::: Data :::

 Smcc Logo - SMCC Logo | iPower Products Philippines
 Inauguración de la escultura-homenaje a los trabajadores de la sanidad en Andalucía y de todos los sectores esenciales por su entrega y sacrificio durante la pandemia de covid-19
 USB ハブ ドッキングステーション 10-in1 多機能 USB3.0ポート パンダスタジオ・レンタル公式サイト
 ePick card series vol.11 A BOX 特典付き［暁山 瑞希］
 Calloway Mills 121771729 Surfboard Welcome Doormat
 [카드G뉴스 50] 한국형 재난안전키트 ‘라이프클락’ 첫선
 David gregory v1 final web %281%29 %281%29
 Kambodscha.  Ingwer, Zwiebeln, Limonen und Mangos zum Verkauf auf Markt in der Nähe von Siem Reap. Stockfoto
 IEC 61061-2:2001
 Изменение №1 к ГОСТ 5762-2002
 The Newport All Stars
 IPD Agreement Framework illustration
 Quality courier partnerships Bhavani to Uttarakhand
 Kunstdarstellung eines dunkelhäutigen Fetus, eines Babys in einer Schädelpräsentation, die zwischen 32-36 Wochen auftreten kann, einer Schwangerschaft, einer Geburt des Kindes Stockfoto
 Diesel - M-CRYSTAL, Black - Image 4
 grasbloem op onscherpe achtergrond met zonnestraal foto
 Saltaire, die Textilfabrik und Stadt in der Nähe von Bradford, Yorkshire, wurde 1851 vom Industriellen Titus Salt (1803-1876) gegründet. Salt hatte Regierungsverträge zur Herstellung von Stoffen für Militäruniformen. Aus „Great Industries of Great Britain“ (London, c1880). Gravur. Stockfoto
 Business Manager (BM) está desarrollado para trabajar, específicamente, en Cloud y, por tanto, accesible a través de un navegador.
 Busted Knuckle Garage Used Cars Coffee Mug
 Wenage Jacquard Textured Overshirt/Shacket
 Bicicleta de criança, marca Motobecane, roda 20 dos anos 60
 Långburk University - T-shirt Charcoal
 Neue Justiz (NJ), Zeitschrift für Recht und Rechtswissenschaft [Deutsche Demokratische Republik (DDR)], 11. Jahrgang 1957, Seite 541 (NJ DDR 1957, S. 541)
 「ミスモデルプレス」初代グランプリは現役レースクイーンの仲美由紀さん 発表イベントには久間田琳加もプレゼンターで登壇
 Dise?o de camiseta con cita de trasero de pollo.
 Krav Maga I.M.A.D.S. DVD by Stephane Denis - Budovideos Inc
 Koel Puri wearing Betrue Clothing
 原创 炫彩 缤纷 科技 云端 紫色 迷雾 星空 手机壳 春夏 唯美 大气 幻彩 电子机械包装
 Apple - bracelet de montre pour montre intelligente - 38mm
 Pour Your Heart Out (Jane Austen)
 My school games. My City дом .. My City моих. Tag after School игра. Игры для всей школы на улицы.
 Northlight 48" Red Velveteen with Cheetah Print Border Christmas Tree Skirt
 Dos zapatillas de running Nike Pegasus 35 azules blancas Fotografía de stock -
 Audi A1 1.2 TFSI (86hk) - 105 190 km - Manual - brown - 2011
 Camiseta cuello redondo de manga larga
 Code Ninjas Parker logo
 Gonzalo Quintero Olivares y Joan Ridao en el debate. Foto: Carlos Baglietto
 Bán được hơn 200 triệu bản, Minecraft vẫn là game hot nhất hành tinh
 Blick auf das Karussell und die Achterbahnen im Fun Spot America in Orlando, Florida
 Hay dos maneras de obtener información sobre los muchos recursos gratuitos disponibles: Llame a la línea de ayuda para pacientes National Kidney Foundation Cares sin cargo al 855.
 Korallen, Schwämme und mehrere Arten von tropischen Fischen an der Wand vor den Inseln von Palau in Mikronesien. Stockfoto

:::

Task goal —
In the listing above, find the line containing "Camiseta cuello redondo de manga larga" and the line containing "Bán được hơn", then retype both and every line between them exactly, with nothing else.

Your response —
 Camiseta cuello redondo de manga larga
 Code Ninjas Parker logo
 Gonzalo Quintero Olivares y Joan Ridao en el debate. Foto: Carlos Baglietto
 Bán được hơn 200 triệu bản, Minecraft vẫn là game hot nhất hành tinh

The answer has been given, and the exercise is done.